Solved: Capture OOM errors Kubernetes

GAnantula · ‎19 Nov 2020

We have instrumented OpenShift cluster with Dynatrace OneAgent in our environment and one of the services running within the container had OOM error on Metaspace. As a result the process was terminated and restarted automatically.

We do see events related to the process restart but there is NO event related to the OOM error, but we could clearly see that in the application log file. It was really difficult for us to figure out why the process was restarted as Dynatrace was NOT providing any details.

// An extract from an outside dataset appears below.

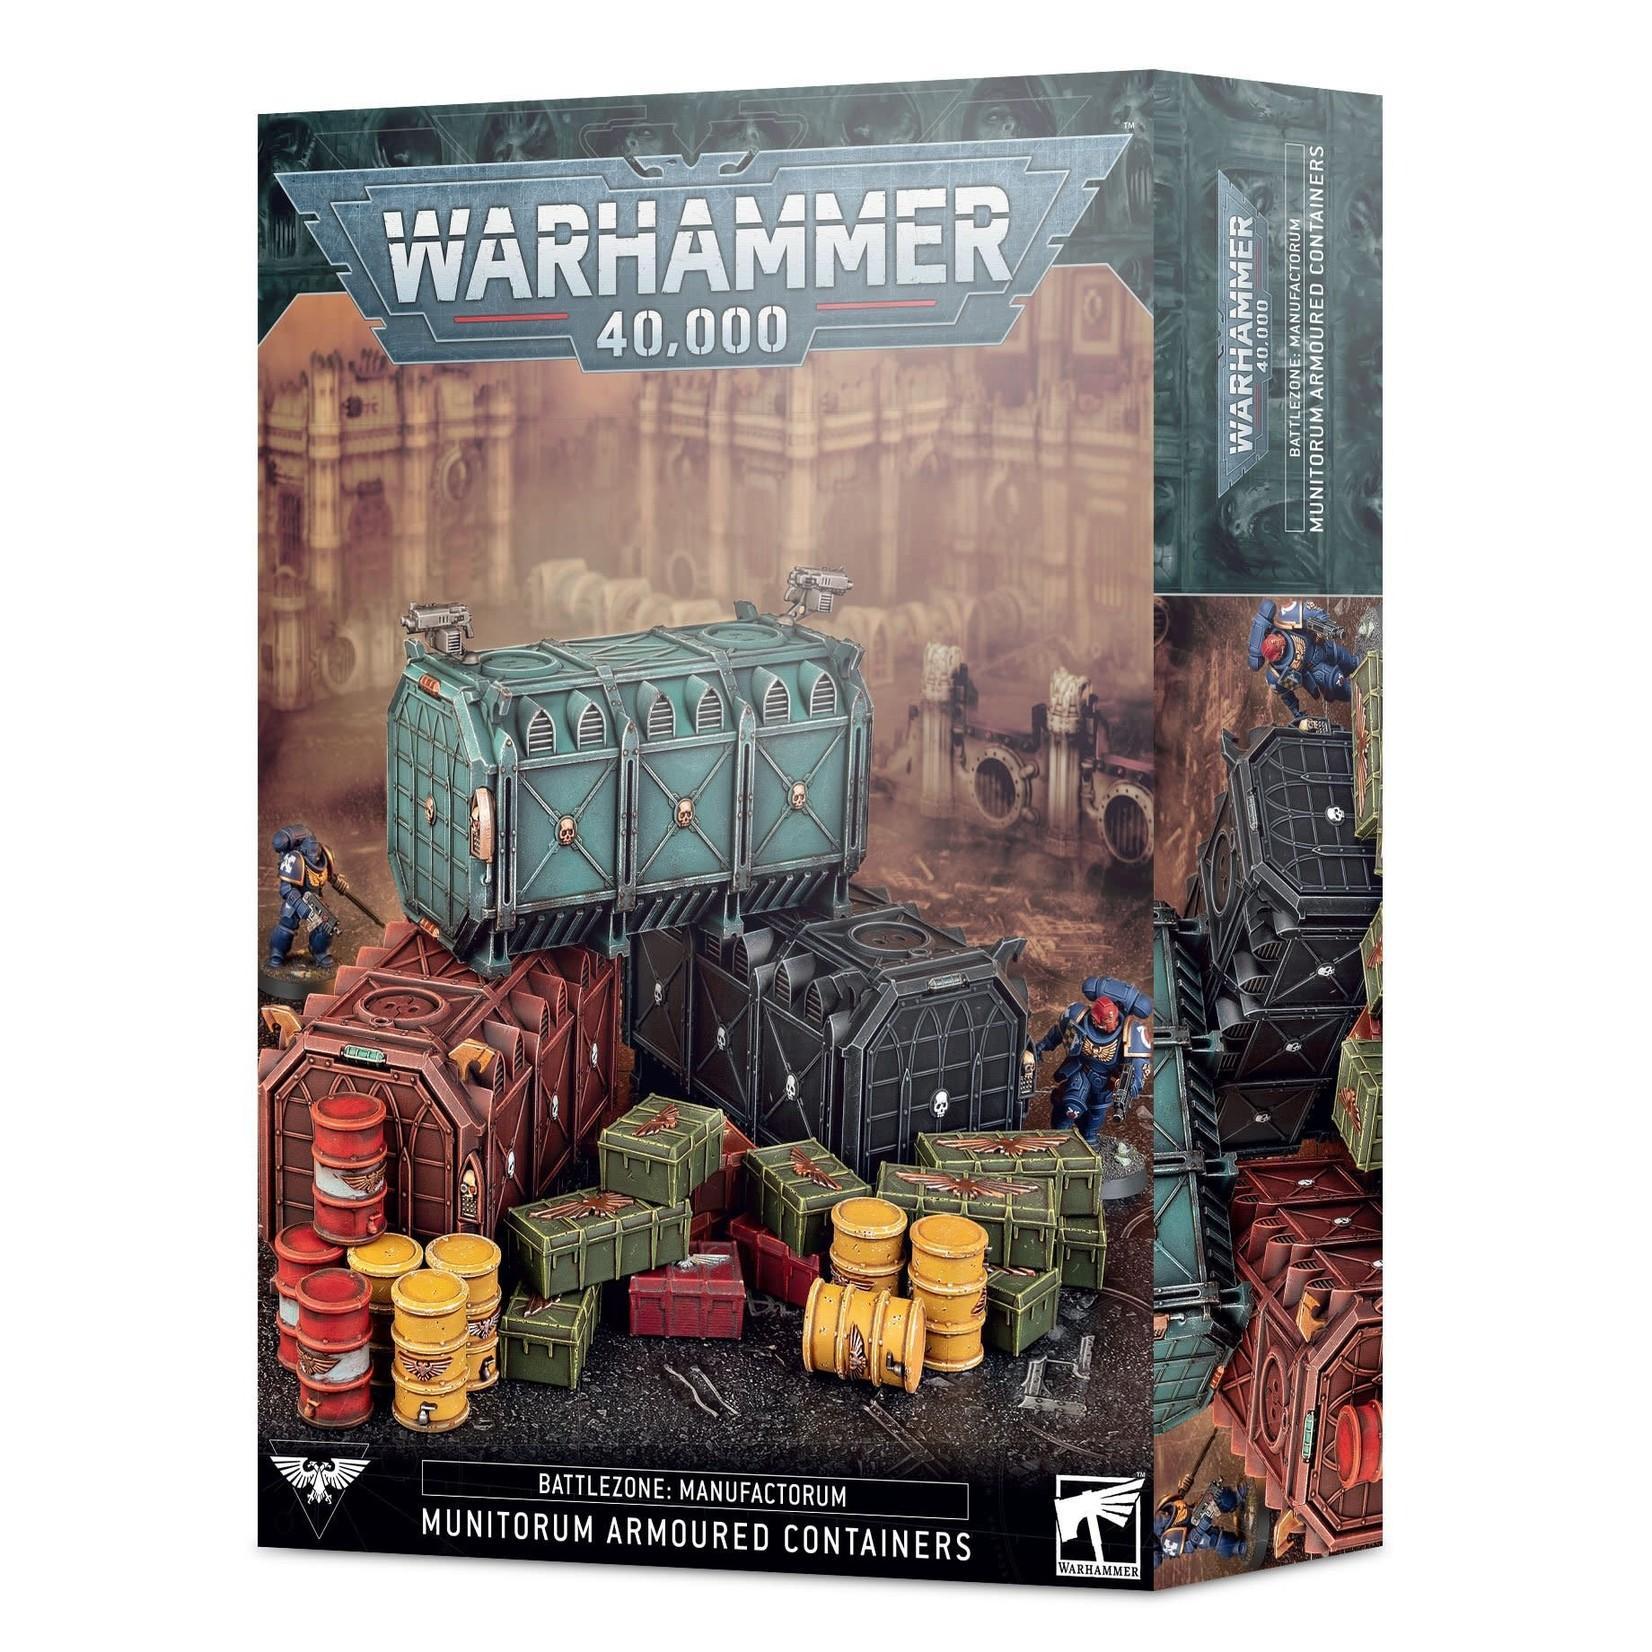 Warhammer 40k BATTLEZONE: MUNITORUM ARMOURED CONTAINERS

We have added the following events to be captured in the Kubernetes settings in Dynatrace. Is there anything else that we should be adding to capture the OOM errors? Please advise.

involvedObject.kind=Node

type=Warning

involvedObject.kind=Pod

reason=BackOff

Thanks,

Ganesh

ChadTurner · ‎01 Dec 2020

sometimes this can be trial and error. Id make sure that within your Kubernetes settings, you have defined out the Events Field Selectors as this will guarantee you'll capture the data. Once the data is captures, you can always create a custom event for alerting as well.

-Chad

GAnantula · ‎01 Dec 2020

okay. Thank you!

tibebe_m_digafe · ‎05 Jan 2022

Hi Chad,

Could you please elaborate as to what needs to be done/configured to create custom events from the captured kubernetes events?

Thanks. Tibebe

Julius_Loman · ‎05 Jan 2022

@tibebe_m_digafe you need to create Log Event to get alerted on a particular kubernetes event type.

Certified Dynatrace Master | Alanata a.s., Slovakia, Dynatrace Master Partner

tibebe_m_digafe · ‎06 Jan 2022

Thanks @Julius_Loman